In a face-centred cubic (fcc) lattice, atom A occupies all corner lattice positions and atom B occupies all face-centred lattice positions. If exactly one B atom is missing from one of the face centres, what is the simplest formula of the resulting crystalline solid?

Introduction / Context:
This question tests your understanding of solid state chemistry, specifically how to determine the empirical formula of an ionic or atomic solid from occupancy of lattice points in a face centred cubic (fcc) crystal. In such questions, it is essential to understand how many atoms from corners, edges, faces and body centres actually belong to a single unit cell. Here, atom A sits at all corners, atom B sits at all face centres, and one B atom is missing from one of the face centres. You are asked to convert these occupancy details into a simplest whole number formula of the type A x B y for the solid.

Given Data / Assumptions:

• The lattice is face centred cubic (fcc).
• Atom A occupies all eight corner lattice positions of the cubic unit cell.
• Atom B occupies all six face centred positions in the ideal case.
• Exactly one face centre is vacant, so there are B atoms only on five faces.
• We assume a perfect infinite crystal in which each unit cell is identical apart from this systematic missing B per cell.

Concept / Approach:
In crystallography, each lattice point can be shared by neighbouring unit cells. Corner atoms are shared by eight cells, so each corner contributes only one eighth to a given cell. Face centred atoms are shared by two neighbouring cells, so each face atom contributes one half to one unit cell. The basic strategy is to calculate the effective number of A and B atoms per unit cell using these fractions, then simplify the ratio to the smallest whole numbers. This ratio gives the empirical formula A x B y of the crystalline solid.

Step-by-Step Solution:
Step 1: Count the number of A atoms at corners. There are 8 corners, each shared by 8 cells, so effective A atoms per cell = 8 * (1/8) = 1. Step 2: In a normal fcc cell, there are 6 faces and thus 6 face centred atoms. Each face centred atom is shared between 2 unit cells, so normally B atoms per cell = 6 * (1/2) = 3. Step 3: The question states that one face centred B is missing.

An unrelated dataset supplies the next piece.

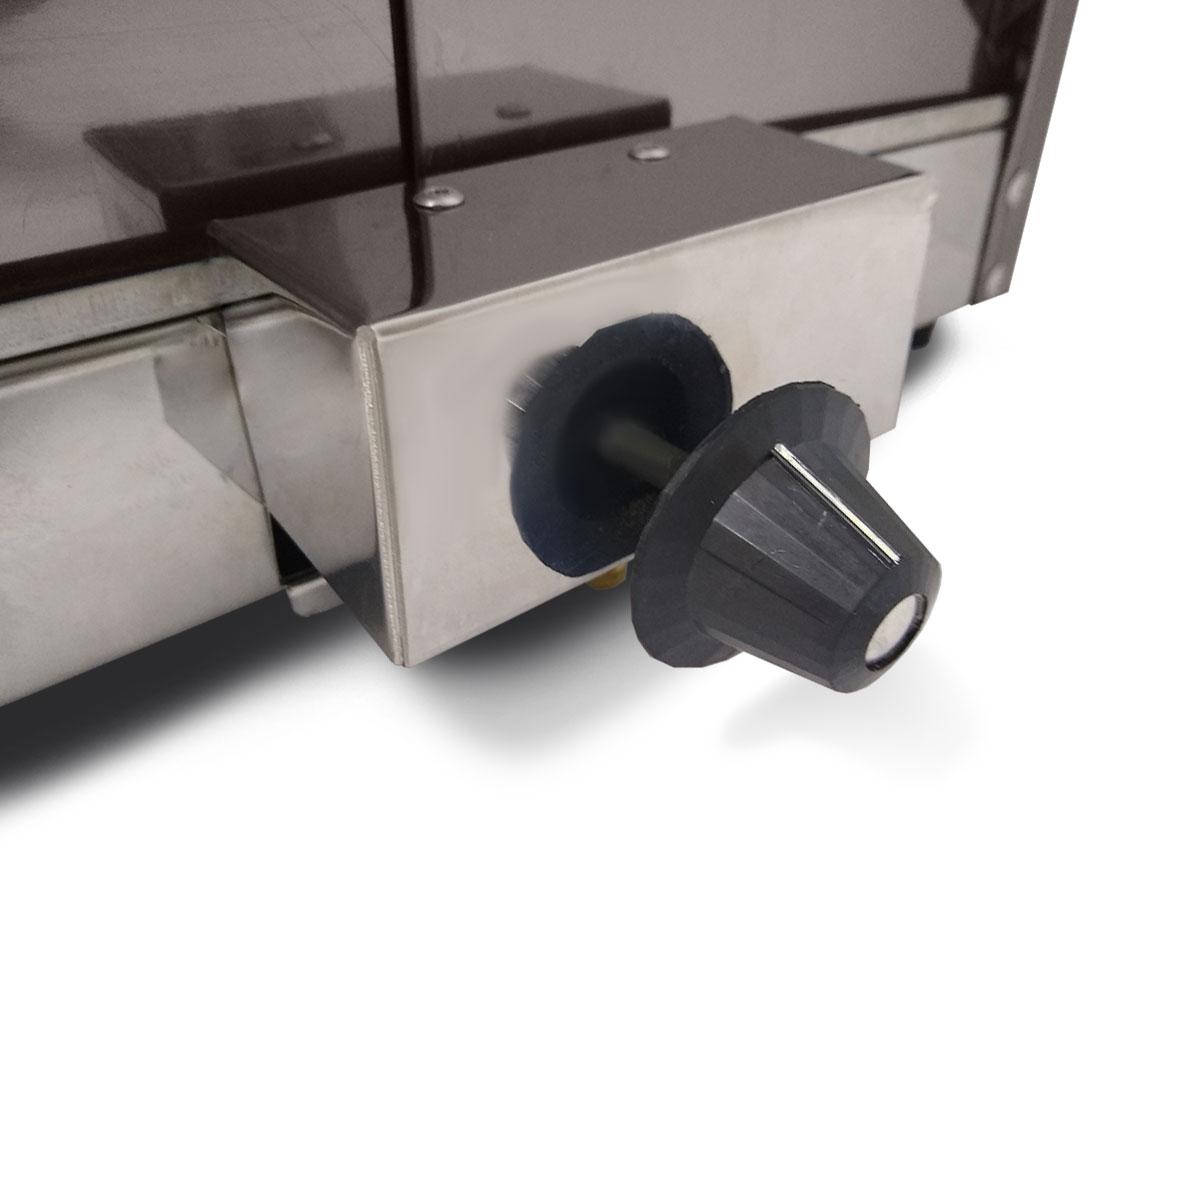 Estufa Para Salgados 3 Bandejas Aquecedor de Salgados Vidro Curvo a Gás - Supritecs Equipamentos  - Carmel Equipamentos

So there are B atoms only at 5 faces instead of 6. Step 4: Effective number of B atoms per cell = 5 * (1/2) = 2.5. Step 5: Now the ratio of A:B in the crystal is 1 : 2.5. Step 6: To convert 1 : 2.5 into whole numbers, multiply both by 2 to get 2 : 5. Step 7: Hence the empirical formula of the solid is A2B5.

Verification / Alternative check:
You can verify the result by reversing the process. Start with A2B5 per formula unit. For every 2 A atoms and 5 B atoms, normalising to one A atom gives 1 A and 2.5 B atoms. This matches the effective atoms per unit cell that we calculated directly from the lattice positions. Because no simpler whole number ratio exists than 2:5, A2B5 must be the correct empirical formula. This confirms that the approach of counting fractional contributions from corners and faces is consistent.

Why Other Options Are Wrong:
Option A2B3 would correspond to a B count of 1.5 per A, which does not match the calculated 2.5 B per A. A3B2 implies B is less abundant than A, contradicting the fact that there are more B atoms than A atoms in the unit cell. A3B4 gives a ratio B:A of 4:3 (about 1.33), again not matching the required 2.5:1. Therefore these alternative formulas do not reflect the actual occupancy of lattice points in the given fcc structure.

Common Pitfalls:
Many students forget that corner and face atoms are shared between multiple unit cells and incorrectly count them as one full atom per position. Another common error is to ignore the missing face centred B atom and assume 6 B atoms at faces, which would lead to a formula A1B3 instead of A2B5. Some also forget to convert fractional numbers into the simplest whole number ratio, leaving answers like A1B2.5. Always compute effective atoms per cell using sharing fractions, then simplify to whole numbers to get the final formula.

Final Answer:
The correct empirical formula of the crystalline solid is A2B5.